#### Dataset content:
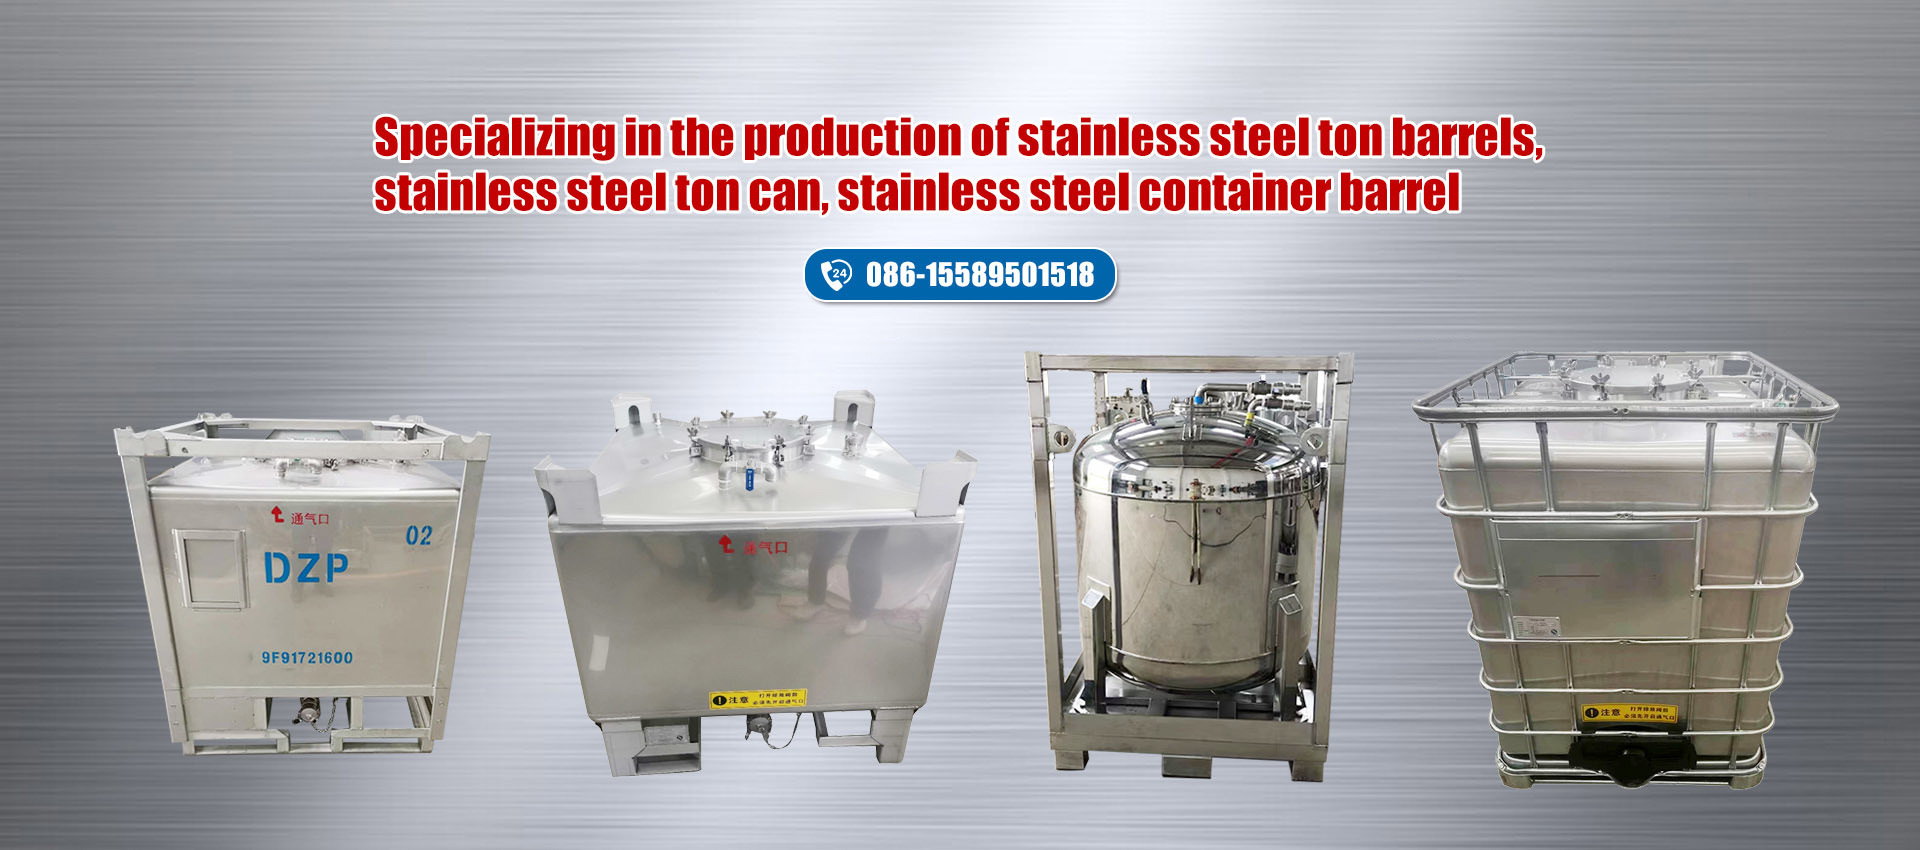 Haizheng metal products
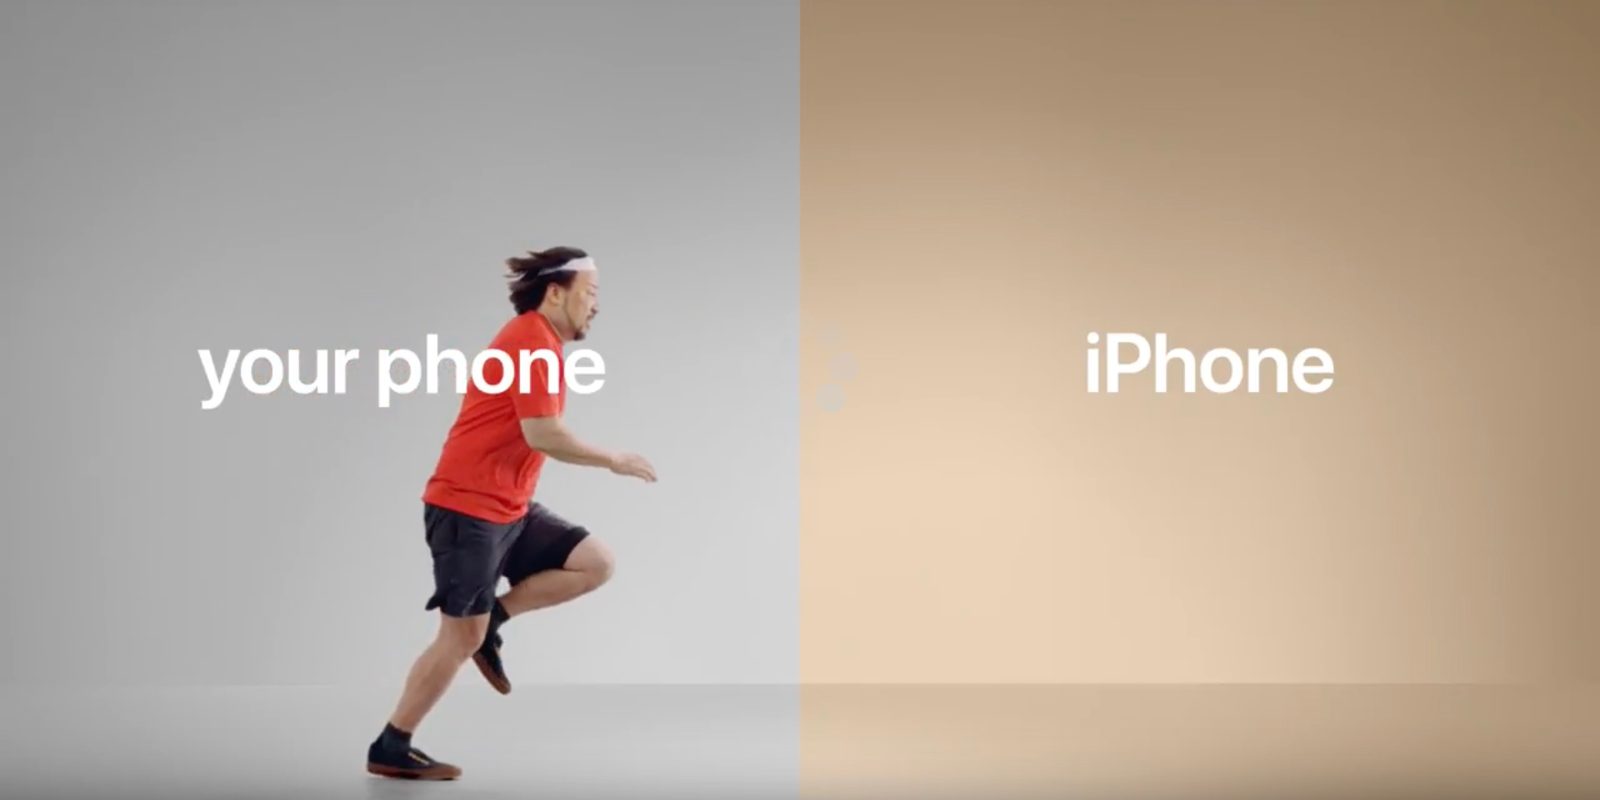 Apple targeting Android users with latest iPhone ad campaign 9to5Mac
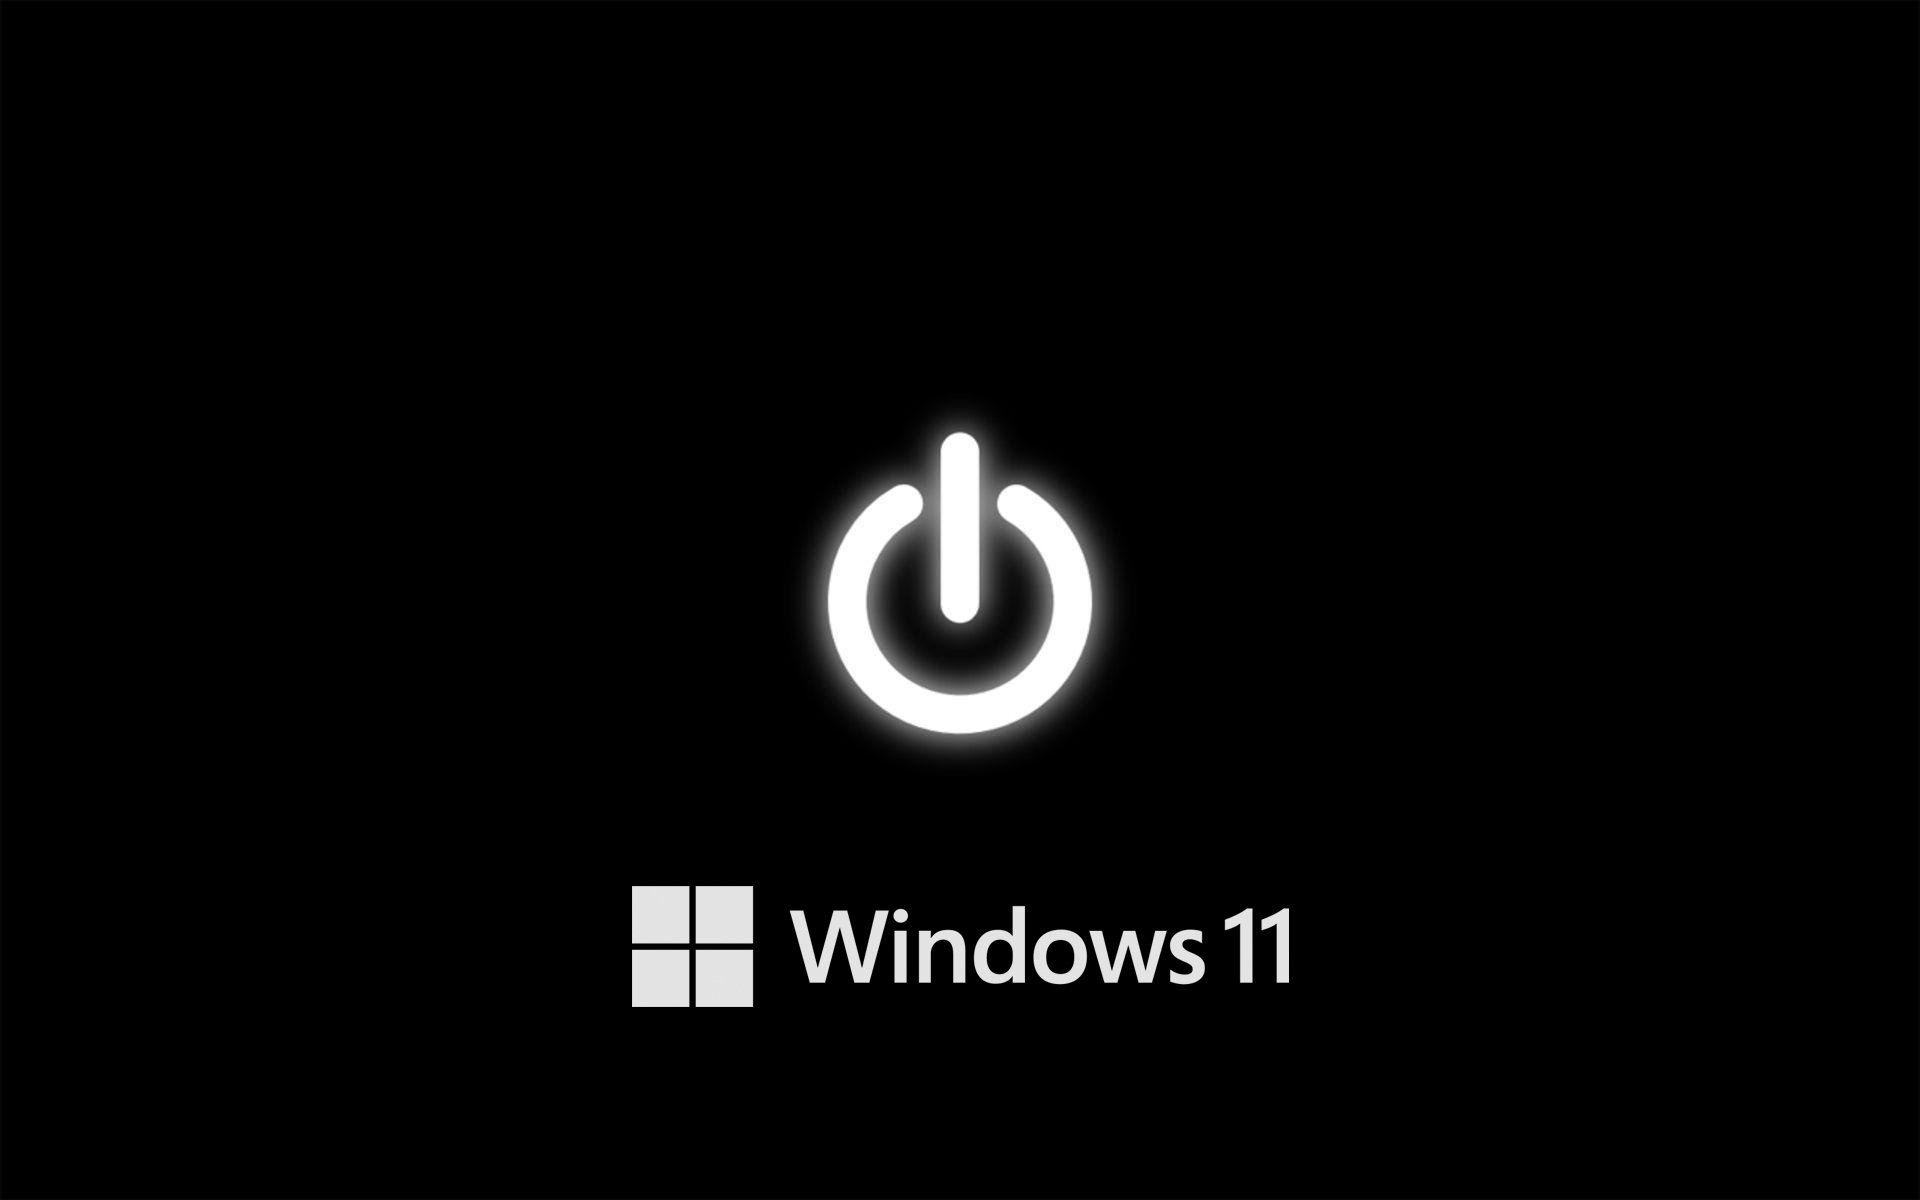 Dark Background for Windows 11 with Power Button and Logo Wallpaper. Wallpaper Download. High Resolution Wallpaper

#### How to complete this task:
Print out the complete listing above exactly, dropping each image.

#### Exercise result:
 Haizheng metal products
 Apple targeting Android users with latest iPhone ad campaign 9to5Mac
 Dark Background for Windows 11 with Power Button and Logo Wallpaper. Wallpaper Download. High Resolution Wallpaper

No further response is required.